━━━━━ Given information ━━━━━

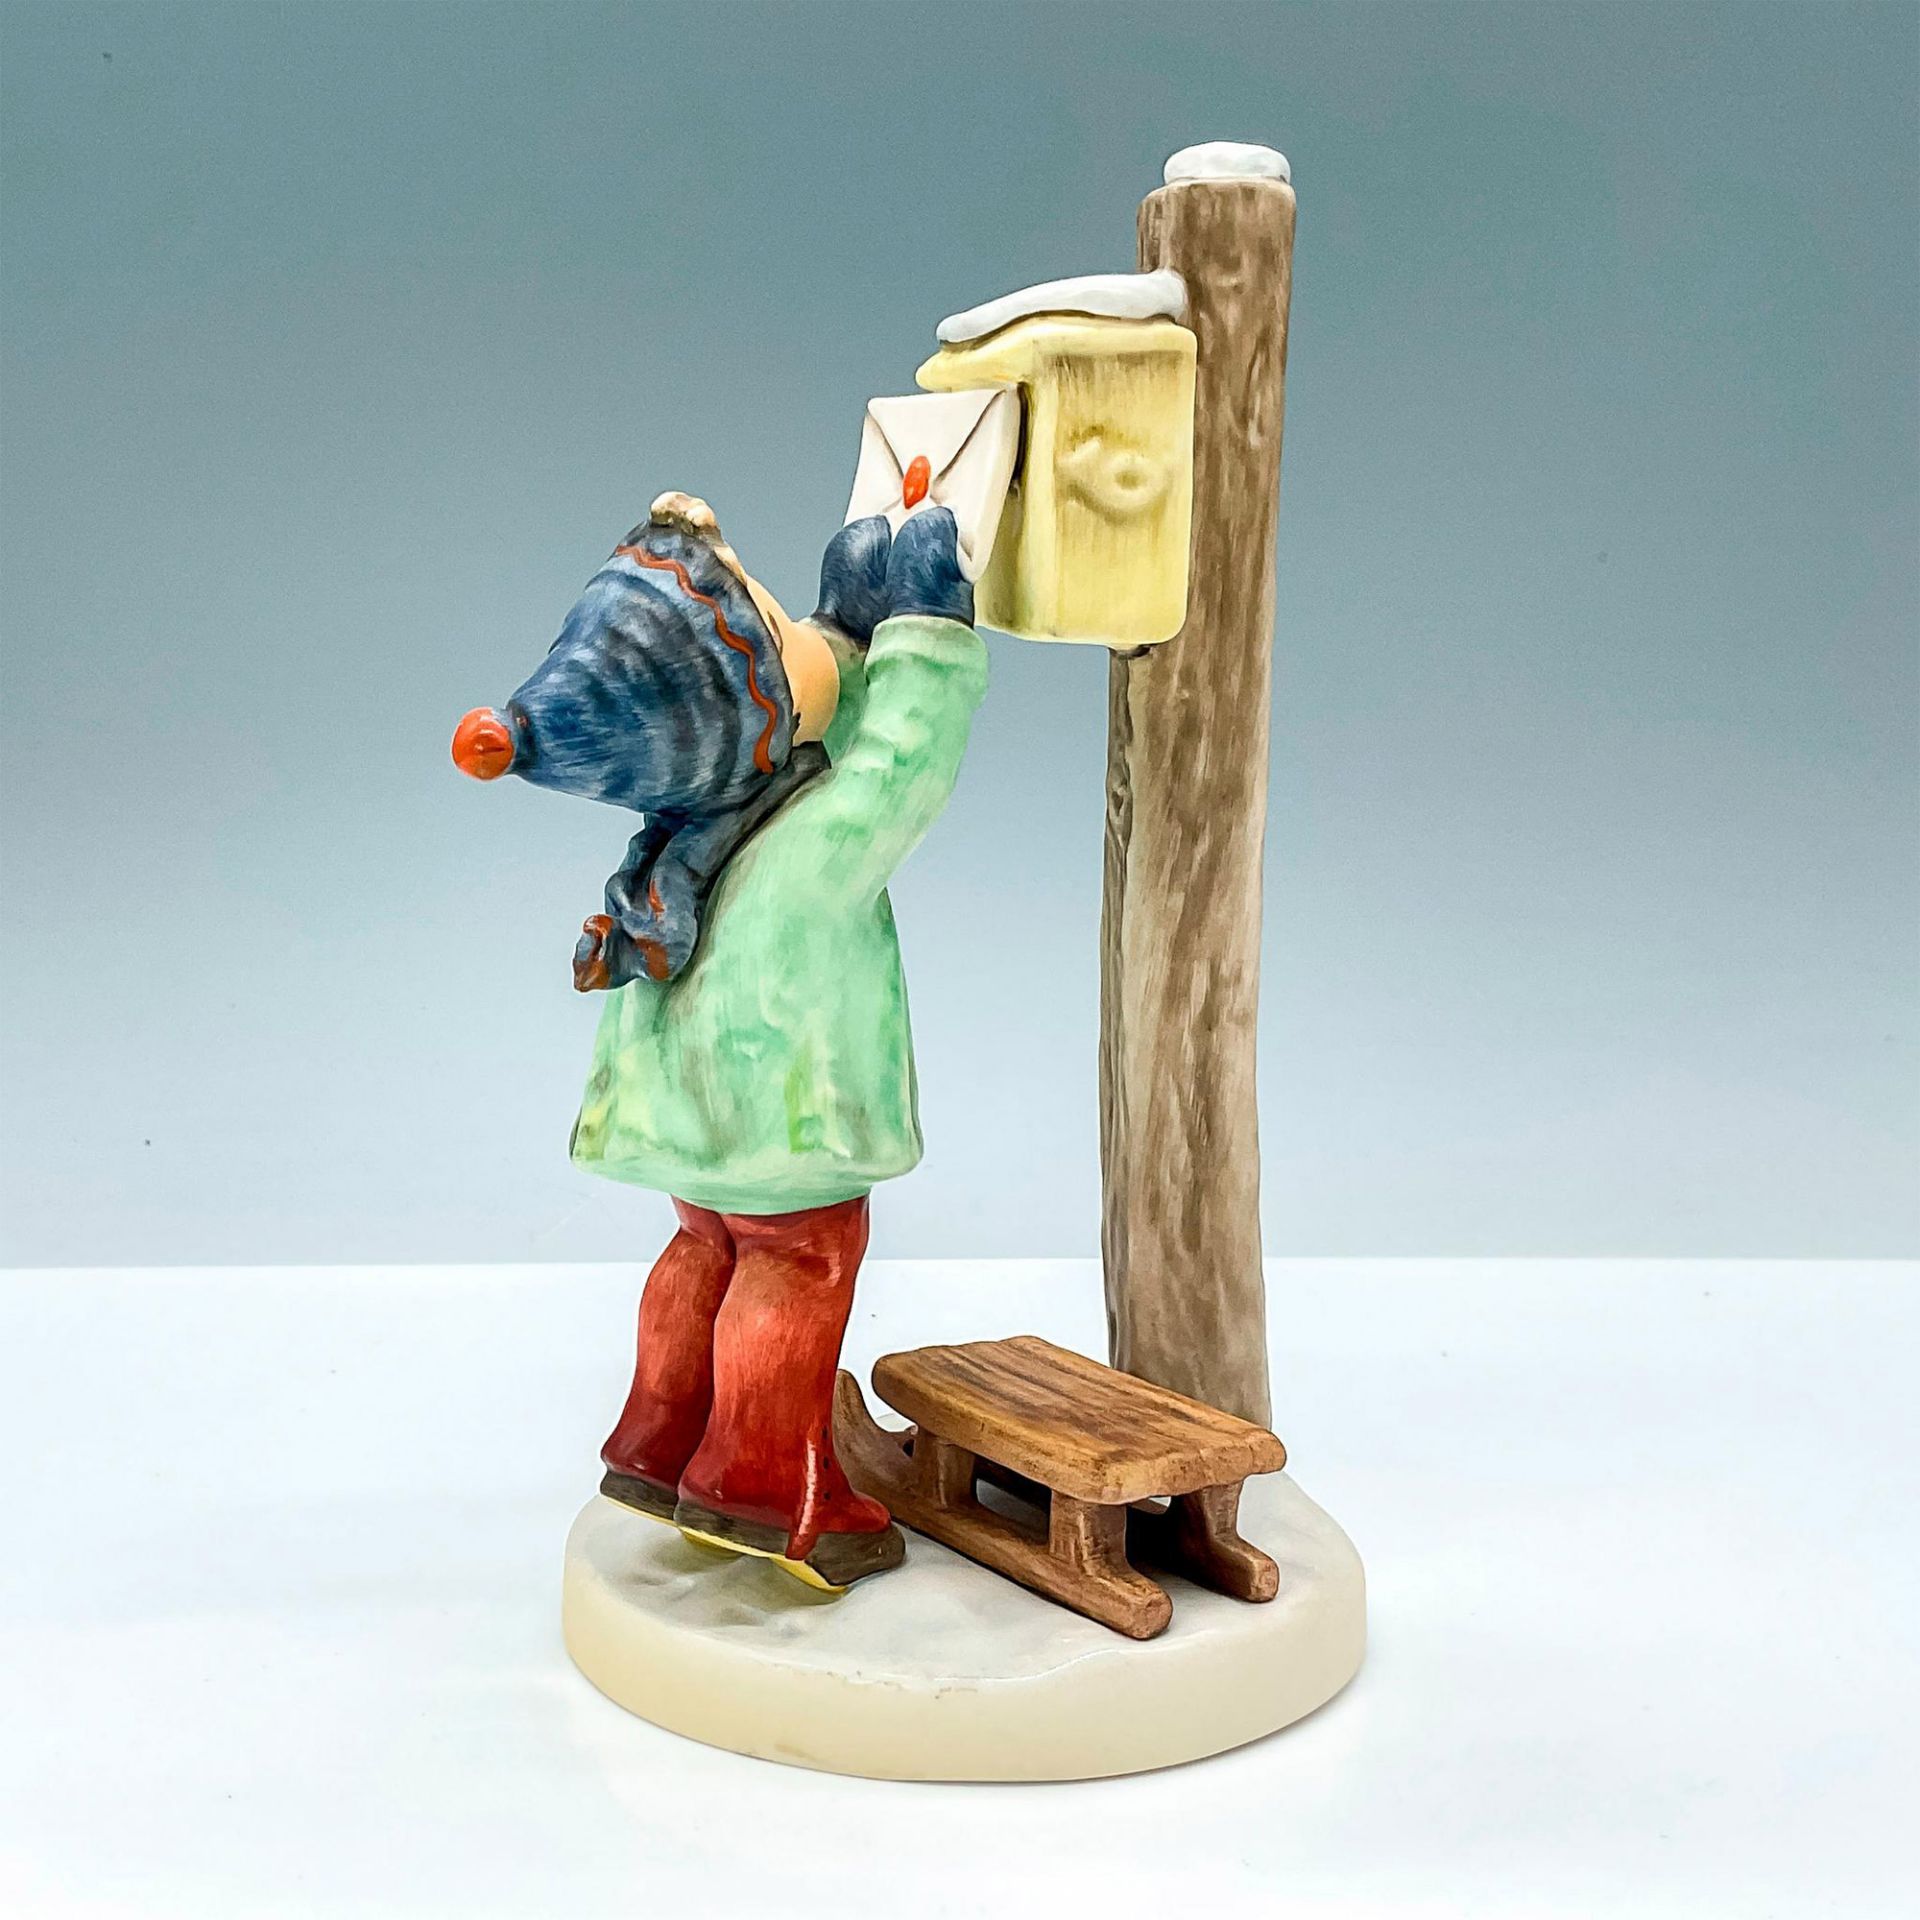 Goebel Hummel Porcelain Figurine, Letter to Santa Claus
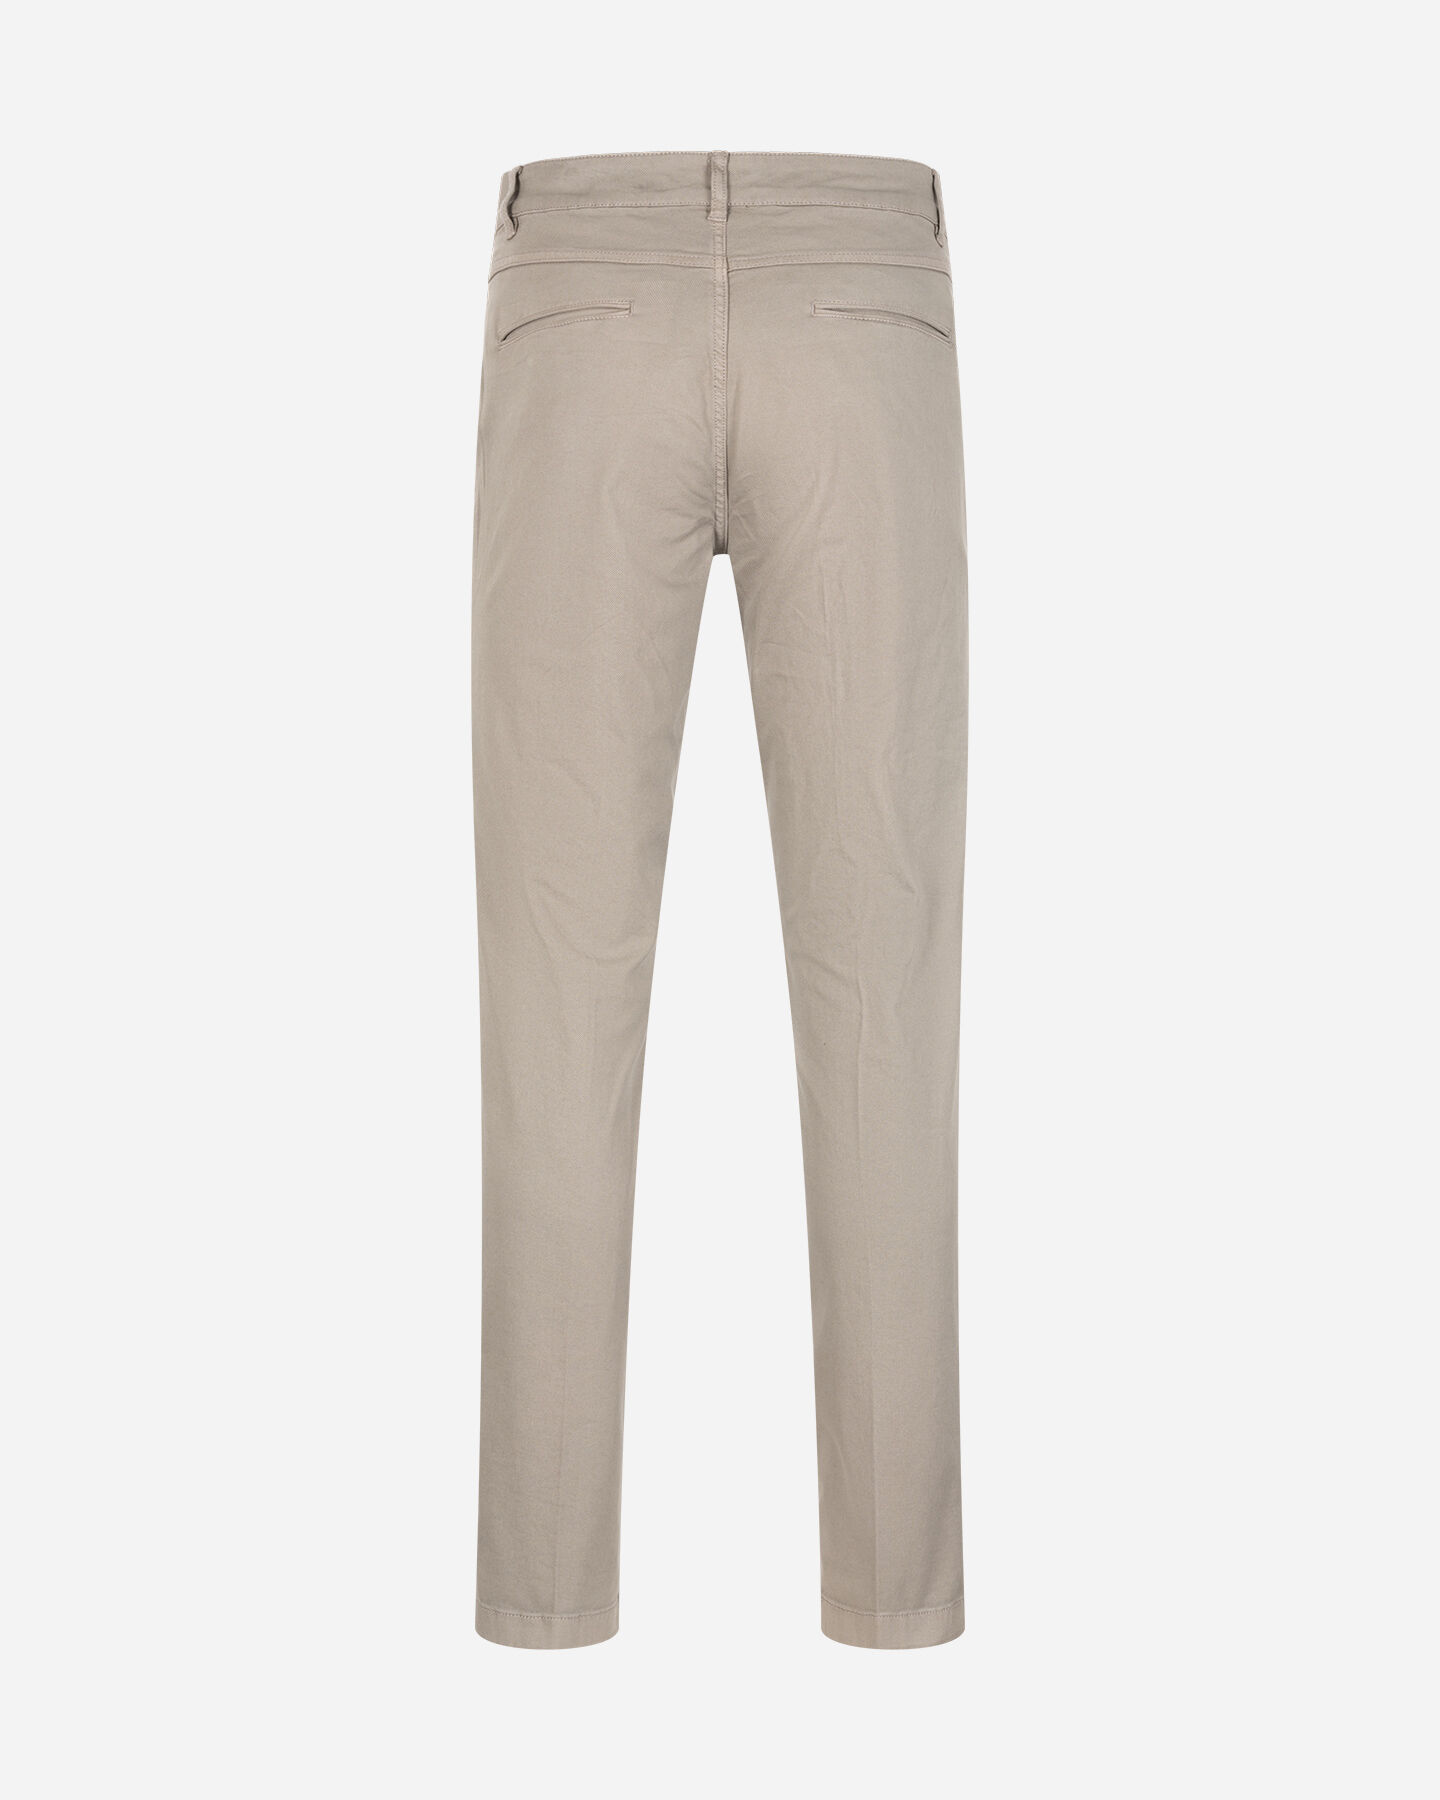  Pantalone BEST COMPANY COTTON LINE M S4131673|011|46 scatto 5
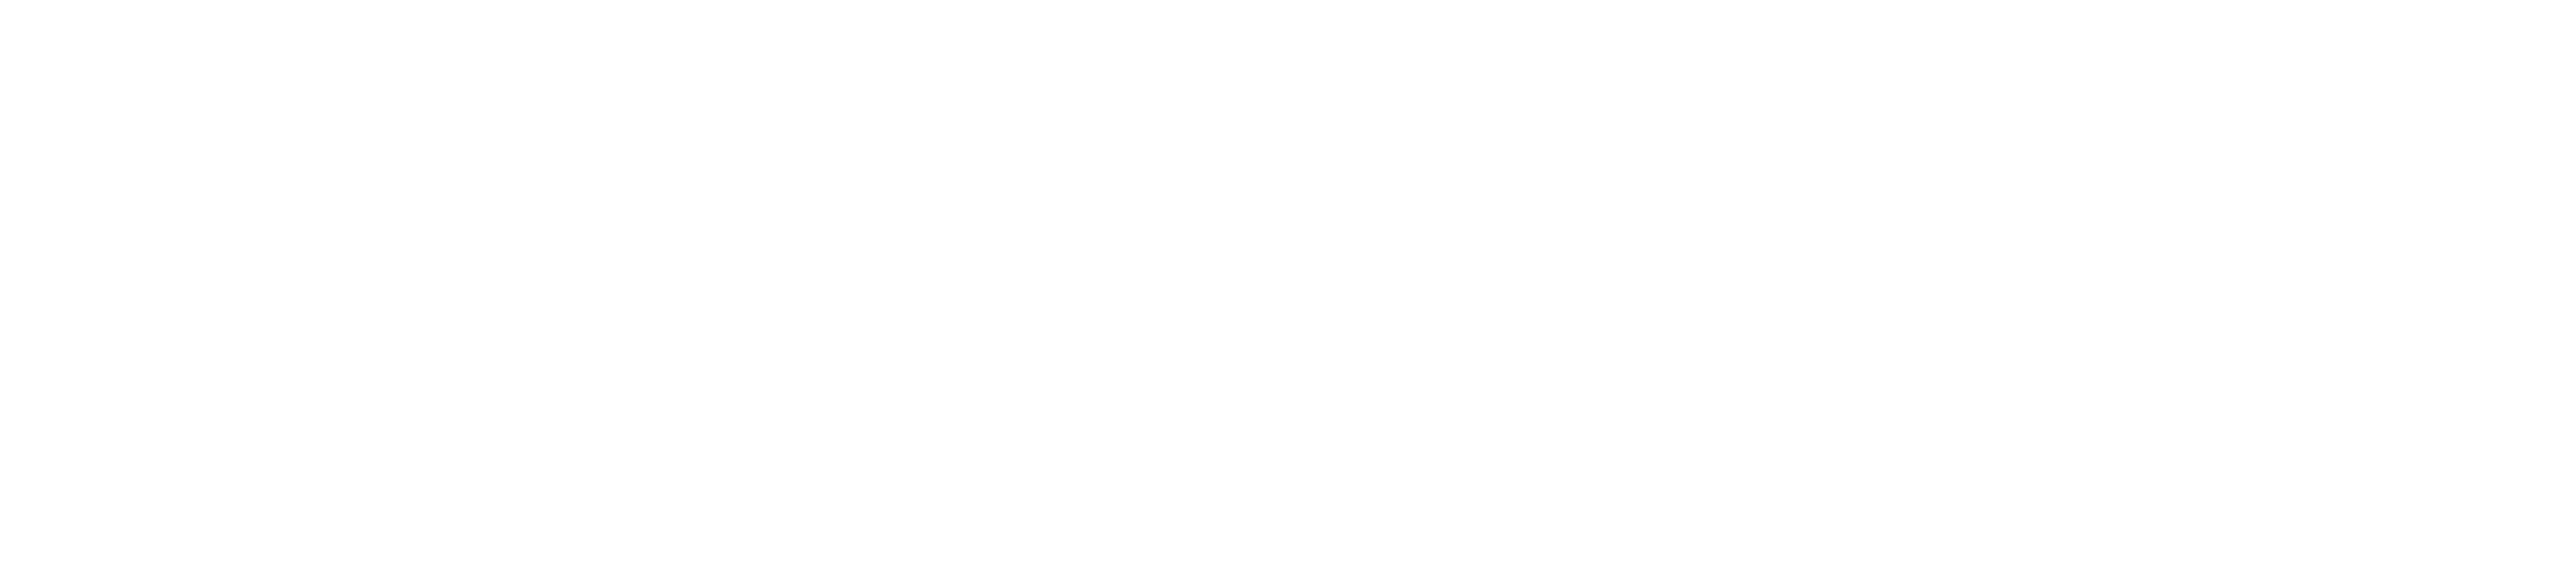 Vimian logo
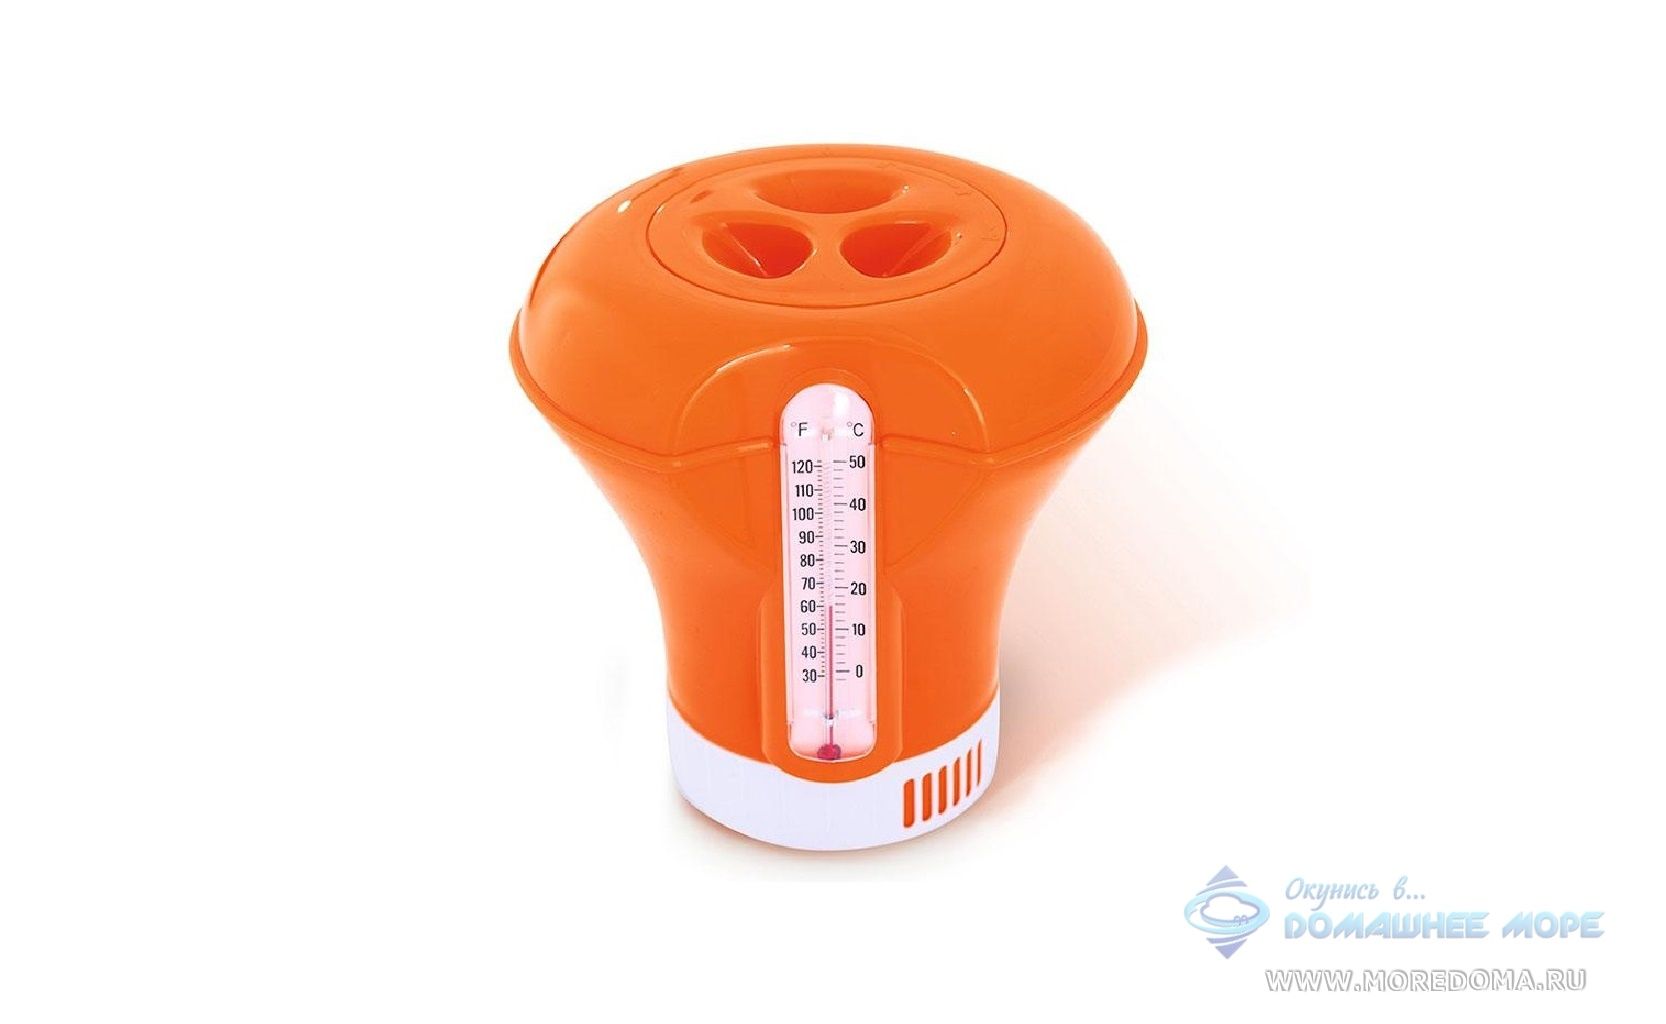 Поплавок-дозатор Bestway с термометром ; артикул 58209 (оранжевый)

━━━━━

— Task description —
Omit the pictures and reproduce the remaining material above exactly.

— Exercise response —
 Goebel Hummel Porcelain Figurine, Letter to Santa Claus
  Pantalone BEST COMPANY COTTON LINE M S4131673|011|46 scatto 5
 Vimian logo
 Поплавок-дозатор Bestway с термометром ; артикул 58209 (оранжевый)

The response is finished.